● **Raw data**:
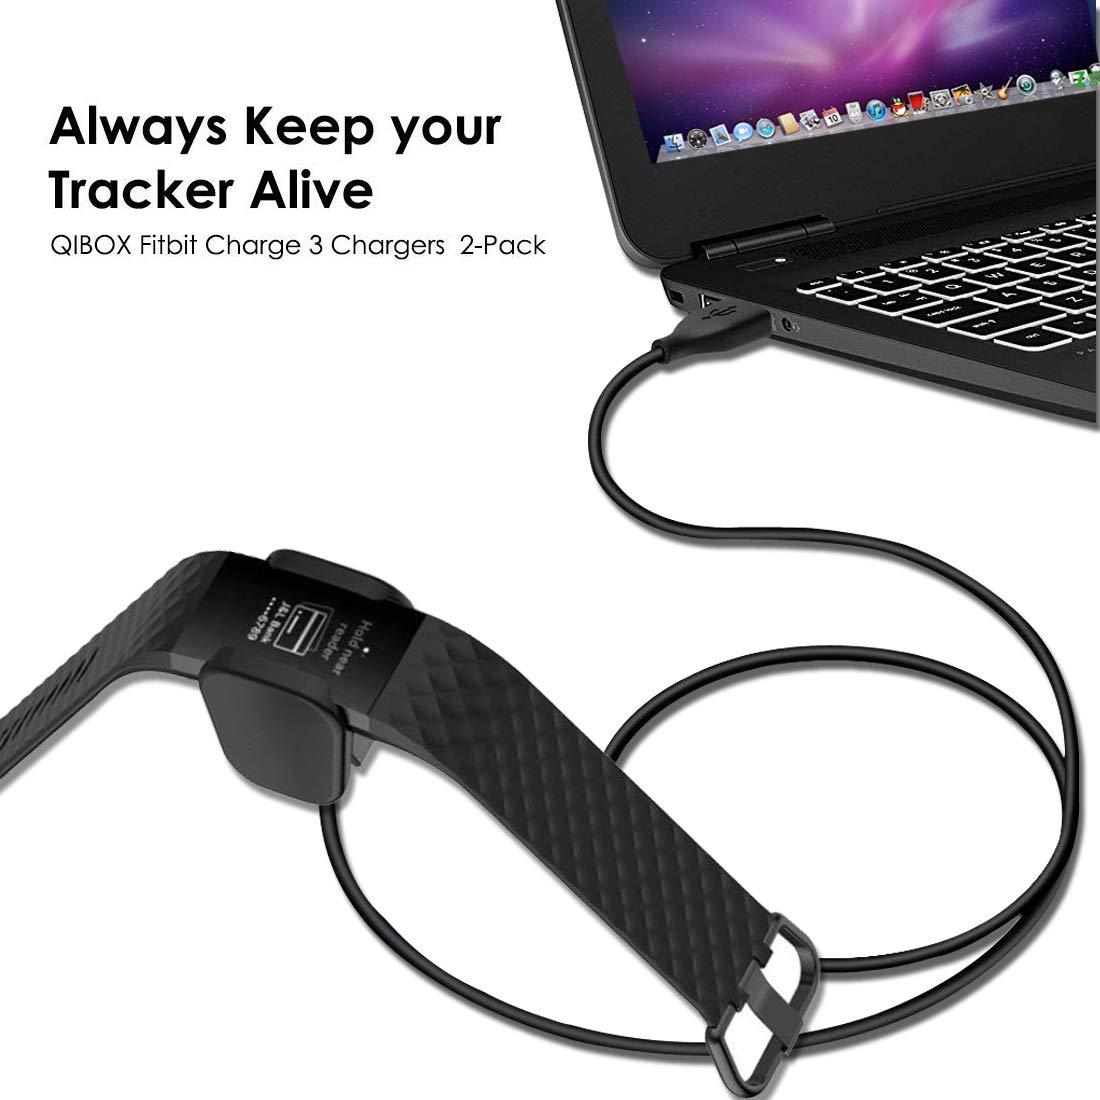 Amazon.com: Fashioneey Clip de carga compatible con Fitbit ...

...

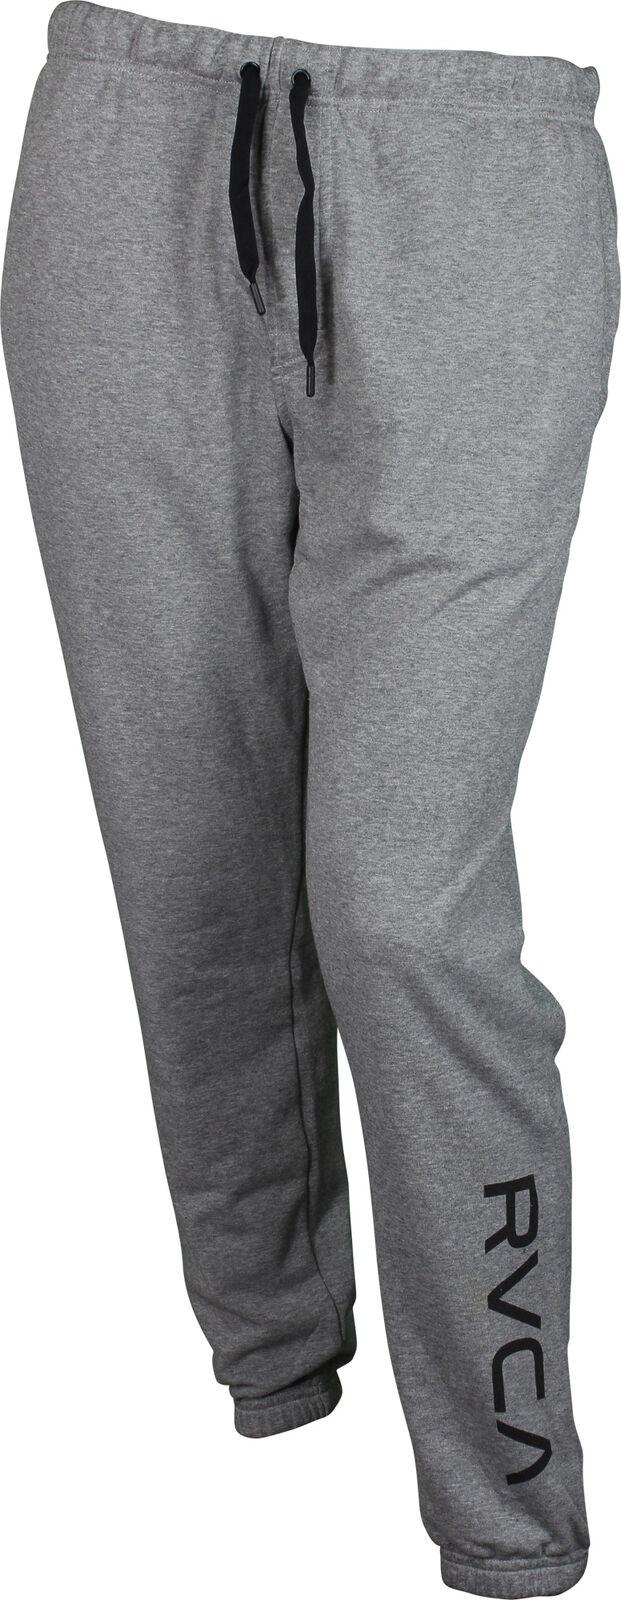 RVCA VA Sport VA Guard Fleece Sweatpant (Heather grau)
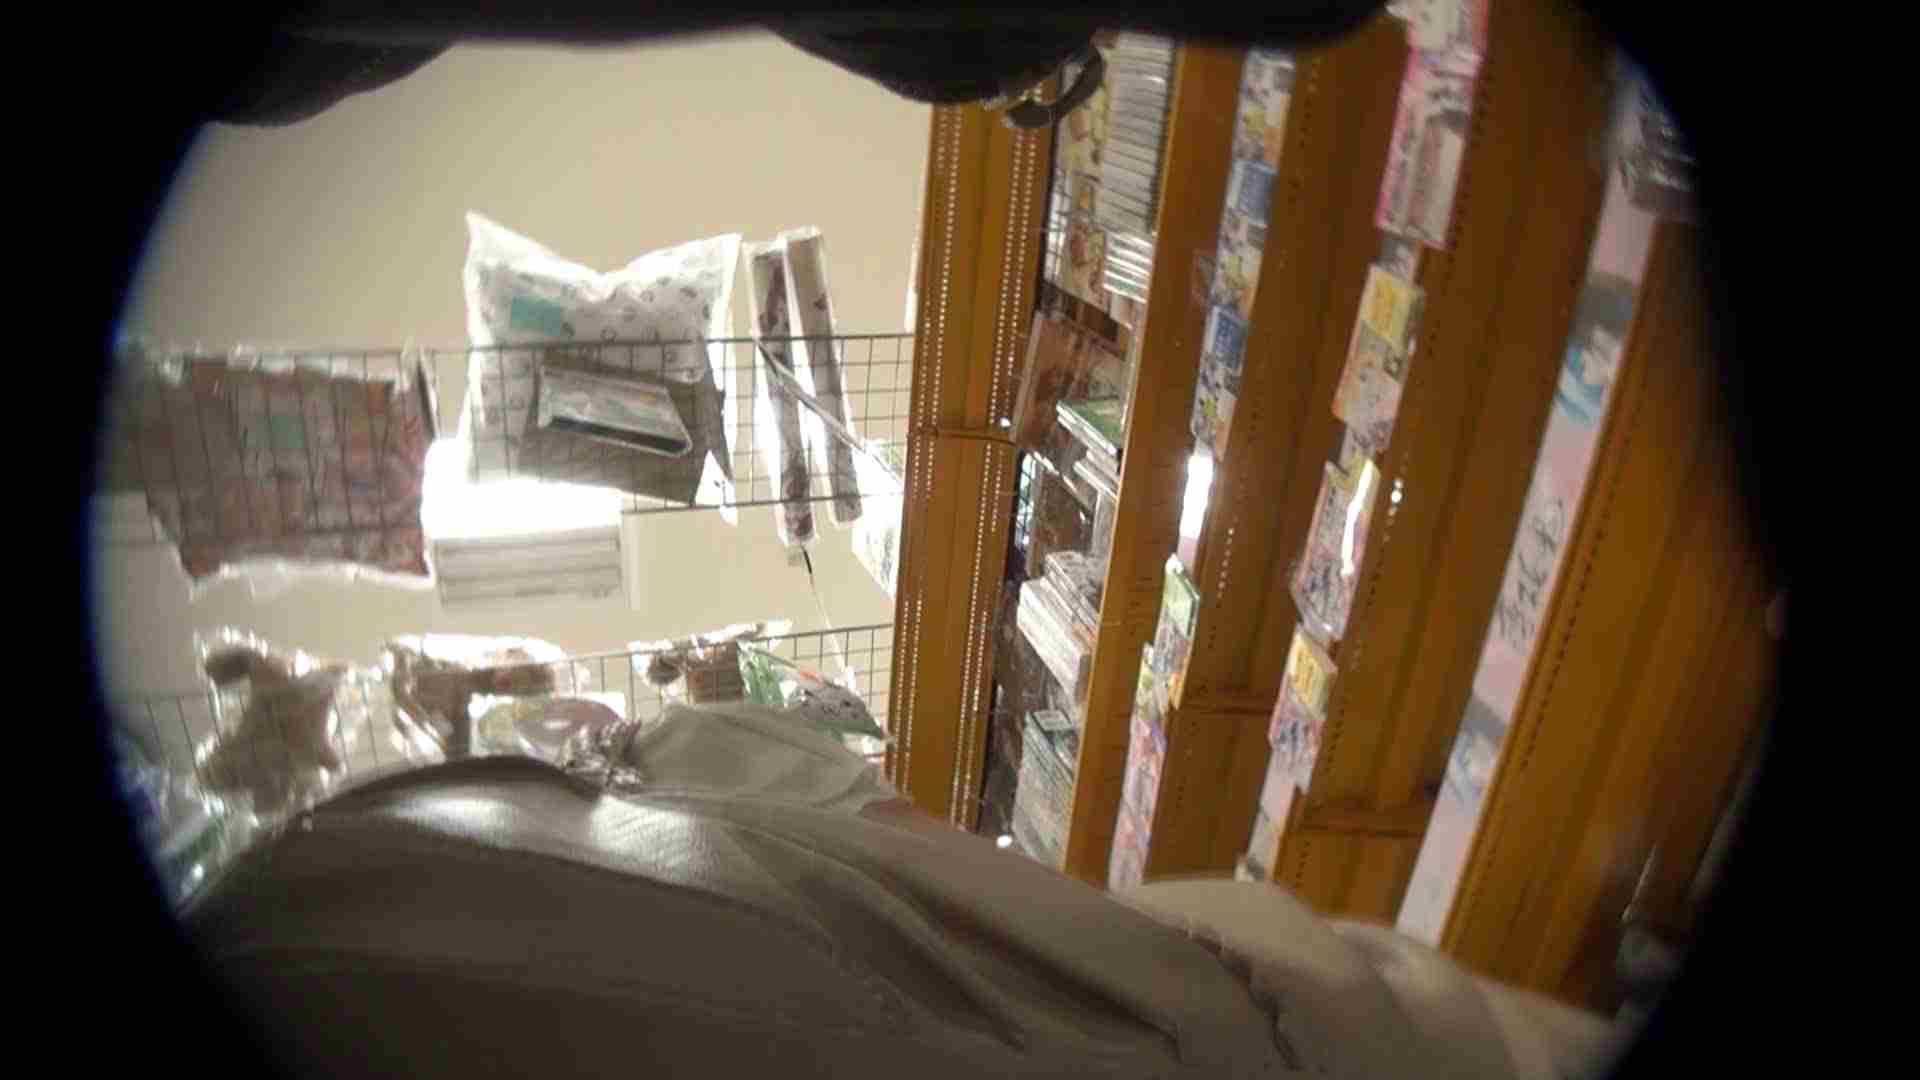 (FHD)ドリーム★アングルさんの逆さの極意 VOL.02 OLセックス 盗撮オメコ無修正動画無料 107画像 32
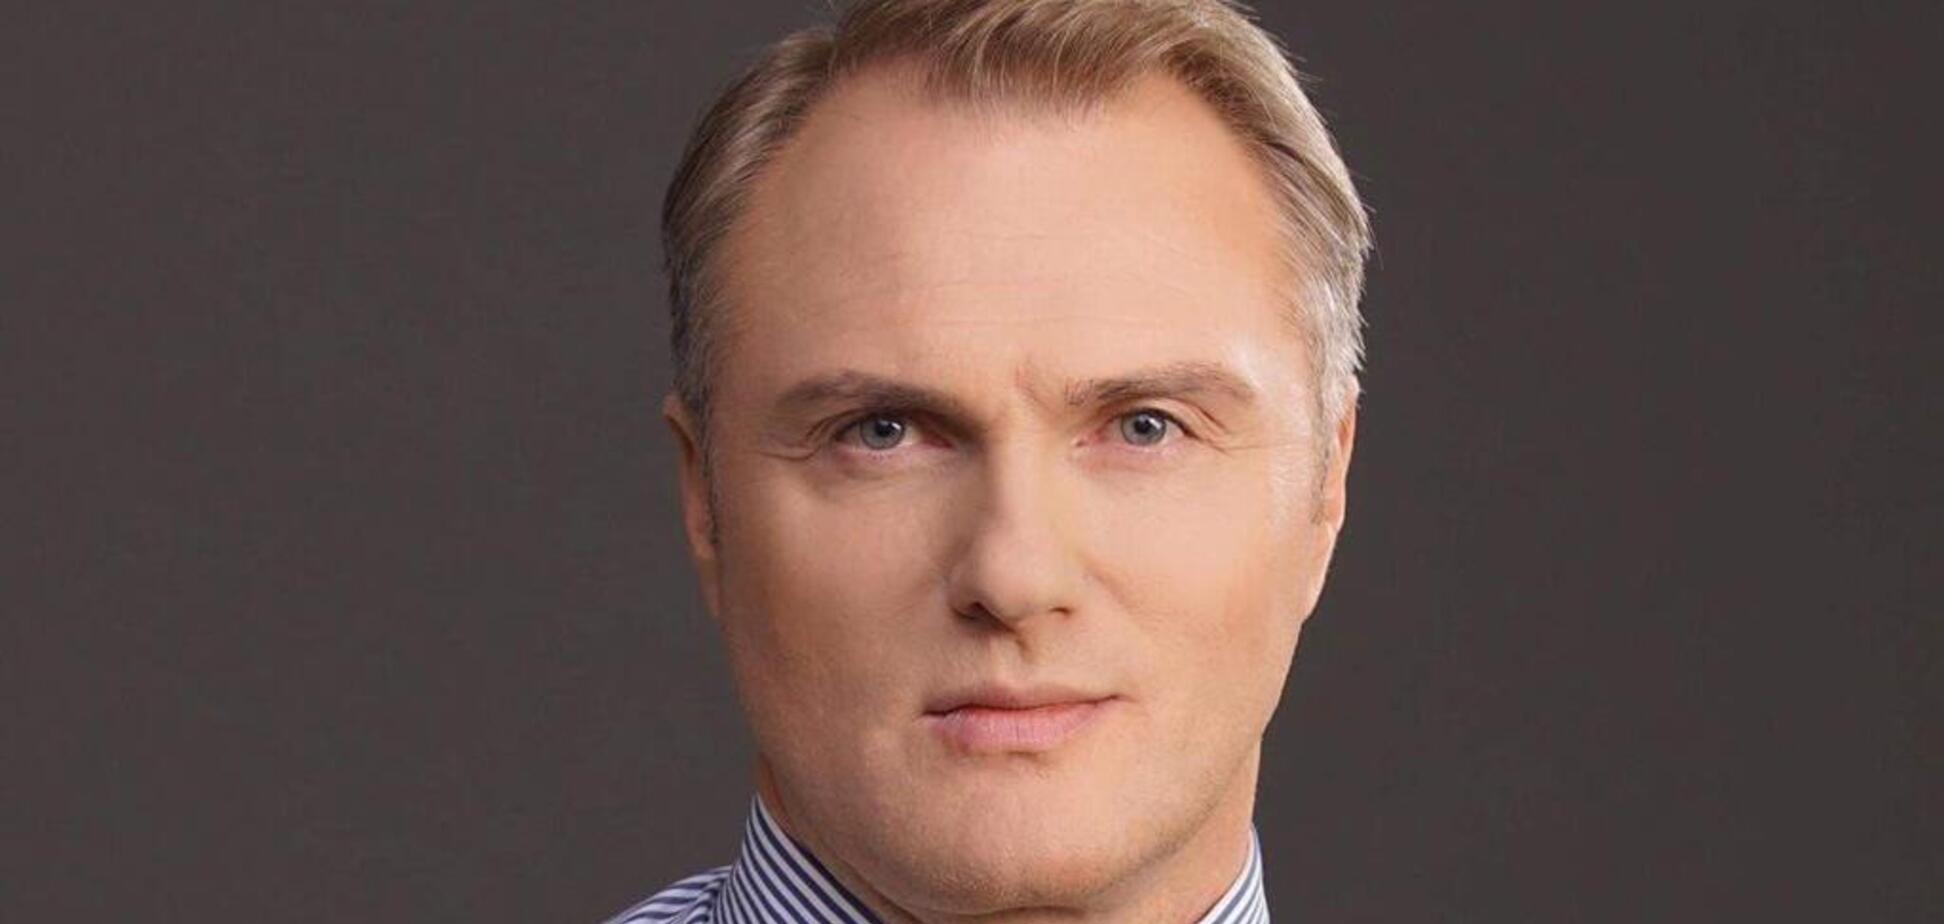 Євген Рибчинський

● **Work instruction**:
Using the entries above, extract exactly the lines from the one that contains "(FHD)ドリーム★アングルさんの逆さの極意 VOL.02 OLセックス" through the one that contains "Євген Рибчинський". Do not carry over any pictures.

● **Solved problem**:
 (FHD)ドリーム★アングルさんの逆さの極意 VOL.02 OLセックス 盗撮オメコ無修正動画無料 107画像 32
 Євген Рибчинський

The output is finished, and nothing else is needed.